Results: We included 2323 patients with severe AD. The overall prevalence was 0.10% (95% CI: 0.09-0.11%) and was 0.39%, 0.23% and 0.07% in the 6-12 years, 13-18 years and >18 years age groups, respectively (p <0.001), the percentage of males was 58%, 48.6% and 39%, respectively, and general comorbidity was 0.1, 0.2 and 0.9 points, respectively (p <0.001).The most frequent comorbidities were asthma in 49.0%, 44.9% and 20.8%, respectively (p <0.001), and anxiety in 79.7%, 65.8% and 67.3%, respectively (p <0.001). Oral corticosteroids were administered in 97.3%, 90.9% and 81.7%, respectively (concomitant-medication).

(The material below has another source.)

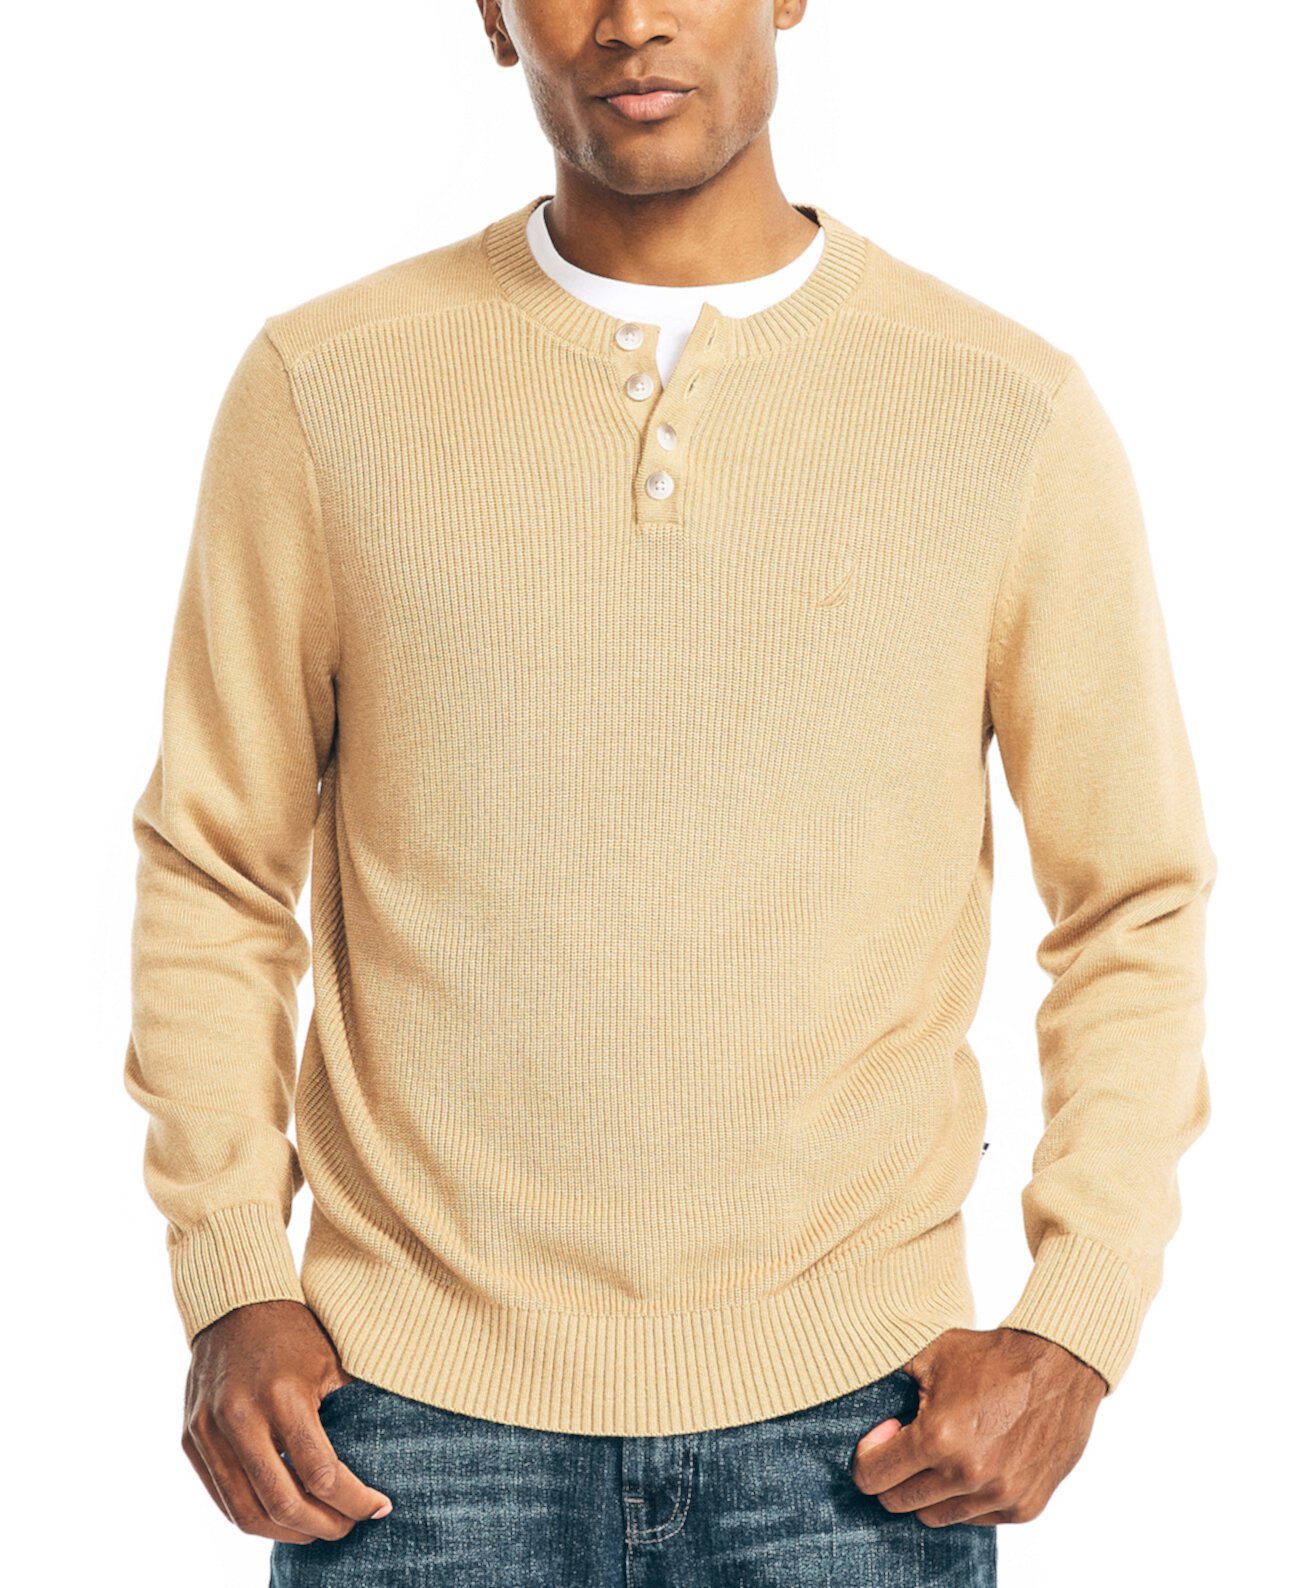 Мужской текстурированный свитер на пуговицах, изготовленный экологически безопасным способом Nautica

Cyclosporine (45.3%), azathioprine (15.9%) and methotrexate (9.0%) were the most frequently prescribed drugs; biologic agents were administered in 5.8% of patients (for AD).
Conclusion: In AD the presence of comorbidities was significant, especially in the psychological, immunoallergic and cardiovascular areas. Cyclosporine was the most widely used immunosuppressant. There was a degree of variability in the use and duration of the treatments prescribed.